A suggested bottom-up/reverse outlining workflow for structuring your ideas.

Bottom-up vs top-down structuring (i.e. reverse outlining vs. outlining)

This is a bottom-up (reverse outlining) approach. Use it when you have raw material (notes, data, literature, messy drafts) but the narrative structure isn’t clear yet.

If you already know exactly what claims you’ll make and in what order, use top-down outlining instead: sketch the IMRaD sections and subsections first, then write the paragraphs to fit. Top-down is generally easier once you’re experienced with writing papers in your field.

How to structure your ideas

Readers have certain expectations of where they’ll find information.

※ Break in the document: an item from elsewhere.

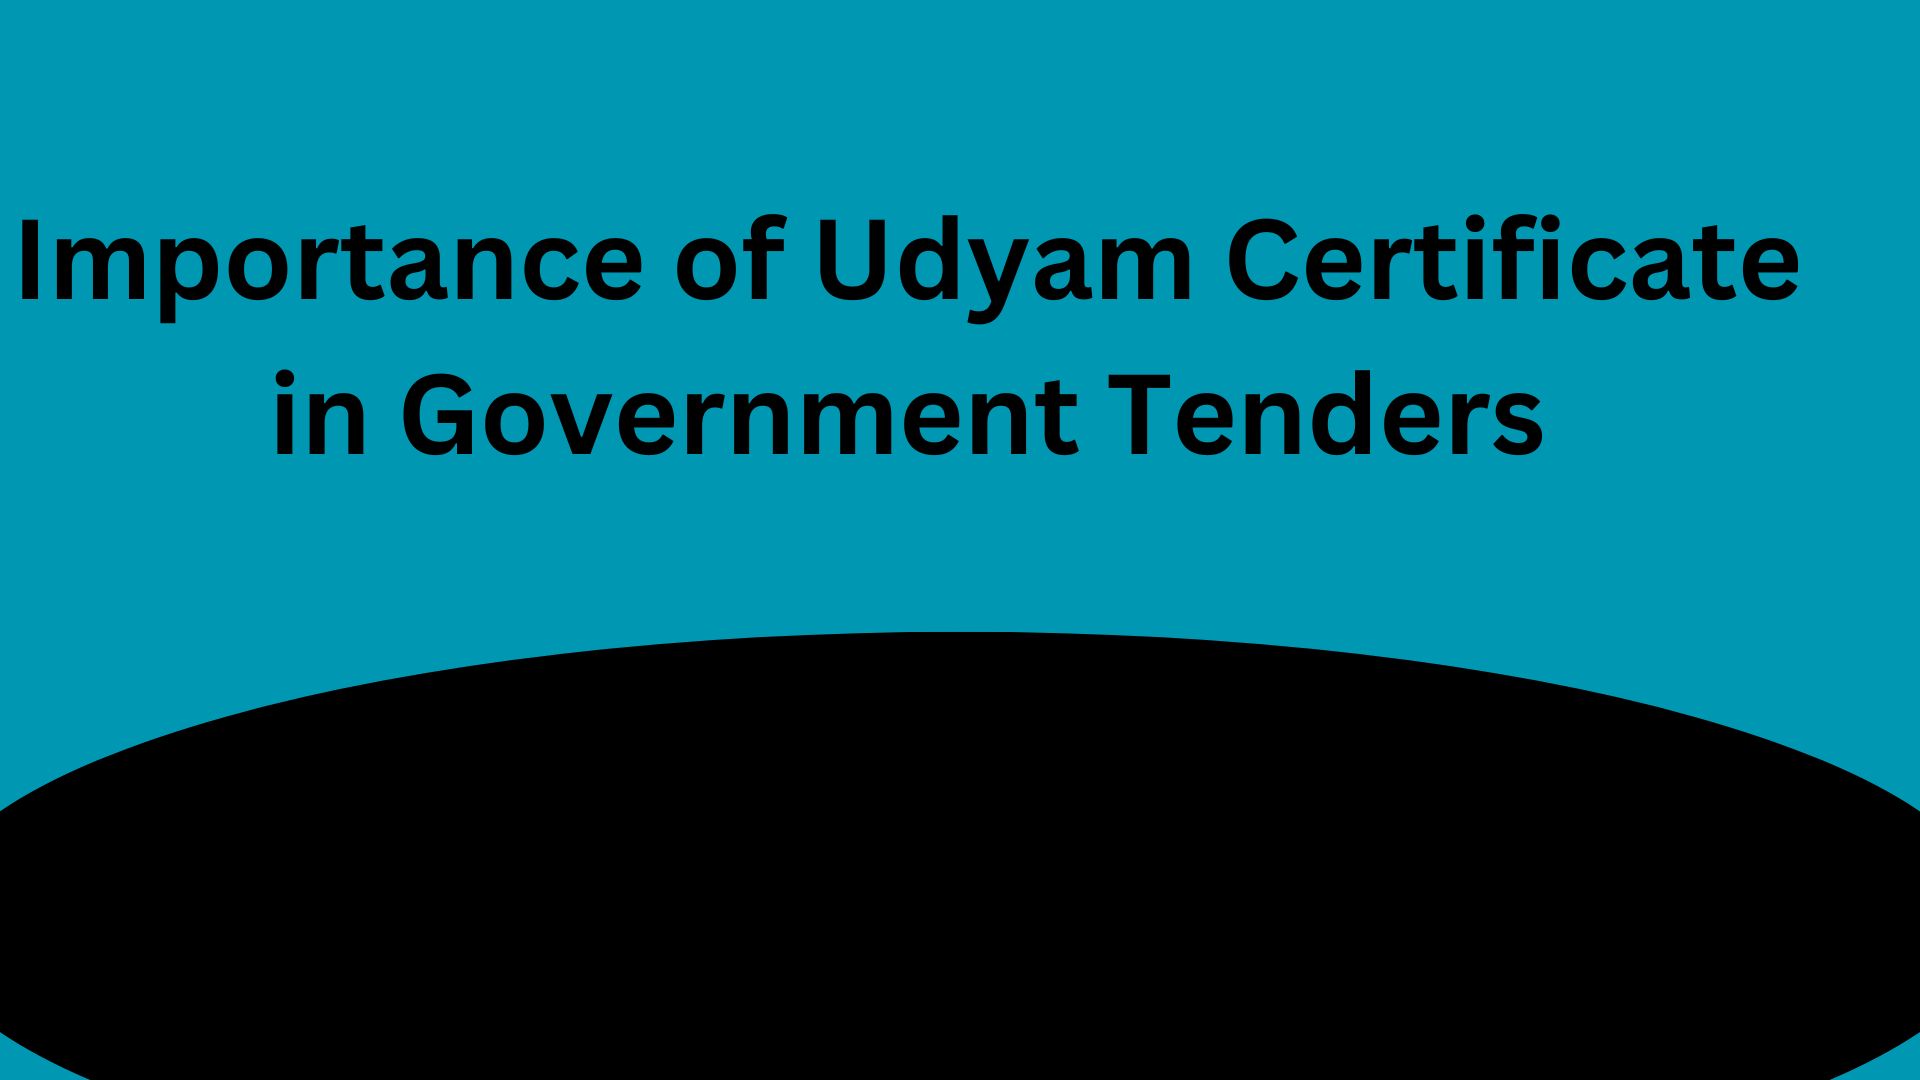 Importance of Udyam Certificate in Government Tenders
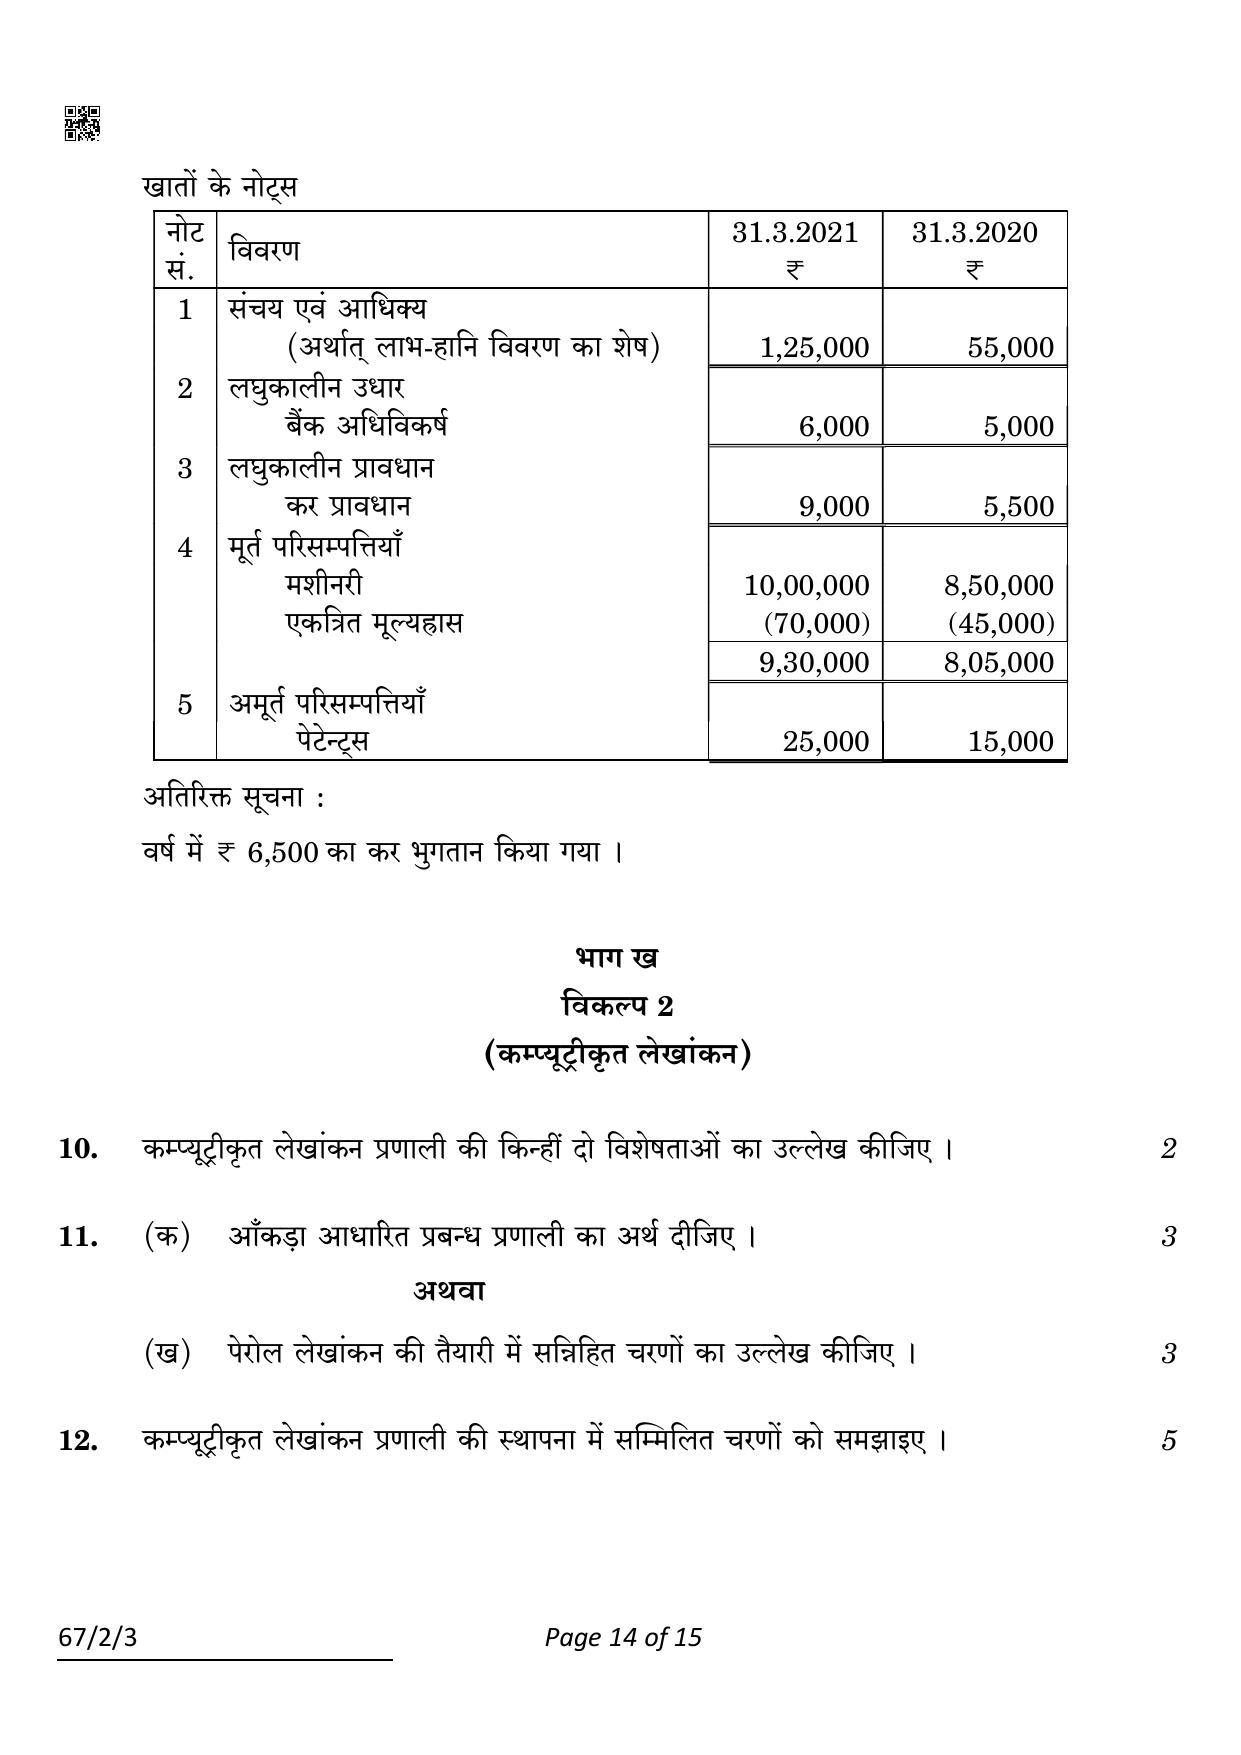 CBSE Class 12 67-2-3 Accountancy 2022 Question Paper - Page 14

That means you need to organise your information following these expectations.

Step 1: Braindump all content

Dump all the information you have gathered throughout your research into a document, and organise by Introduction, Methods, Results, Discussion. This is the content you’re going to work with.

Don't know where something should go?

Create an extra section ‘Unassigned’ for information that doesn’t have a destination yet.

Step 2: Organise into subsections

Take a look at the IMRaD sections. This will tell you what information needs to go where roughly: in which paragraphs and subsections.

Subsection or paragraph

I use the terms subsections and paragraph, but they are slightly different units. Subsections are things like the ‘current state of knowledge’ (see: IMRaD sections). Subsections can contain multiple paragraphs, where each paragraph defends its own specific claim (e.g. the current state of knowledge and gaps can contain multiple paragraphs, each arguing their own gap).

Step 3: Identify key points

For each paragraph, distil the key point that you’re trying to get across.

For the Introduction and Discussion, that will most likely be a claim you’re making or a conclusion you want to support. For the Methods, it will be probably simply be a topic sentence announcing which procedure you’re going to explain in that paragraph. In the Results, it will likely be the main result, which you’re going to explain using the your underlying findings.

See also:

Step 4: Support key points

Then, check if the information you’ve provided supports that point, or if you’re missing steps in your logic (e.g. you might need more literature or you’re making too big a conceptual jump in your reasoning). This is key for the Introduction and Discussion.

Use bullet-points

If you place each sentence in a bullet point, it is easier to move them around that if you’re working with a dense paragraph. It also allows you to check if your sentence is making one claim or multiple claims (which can hide your reasoning).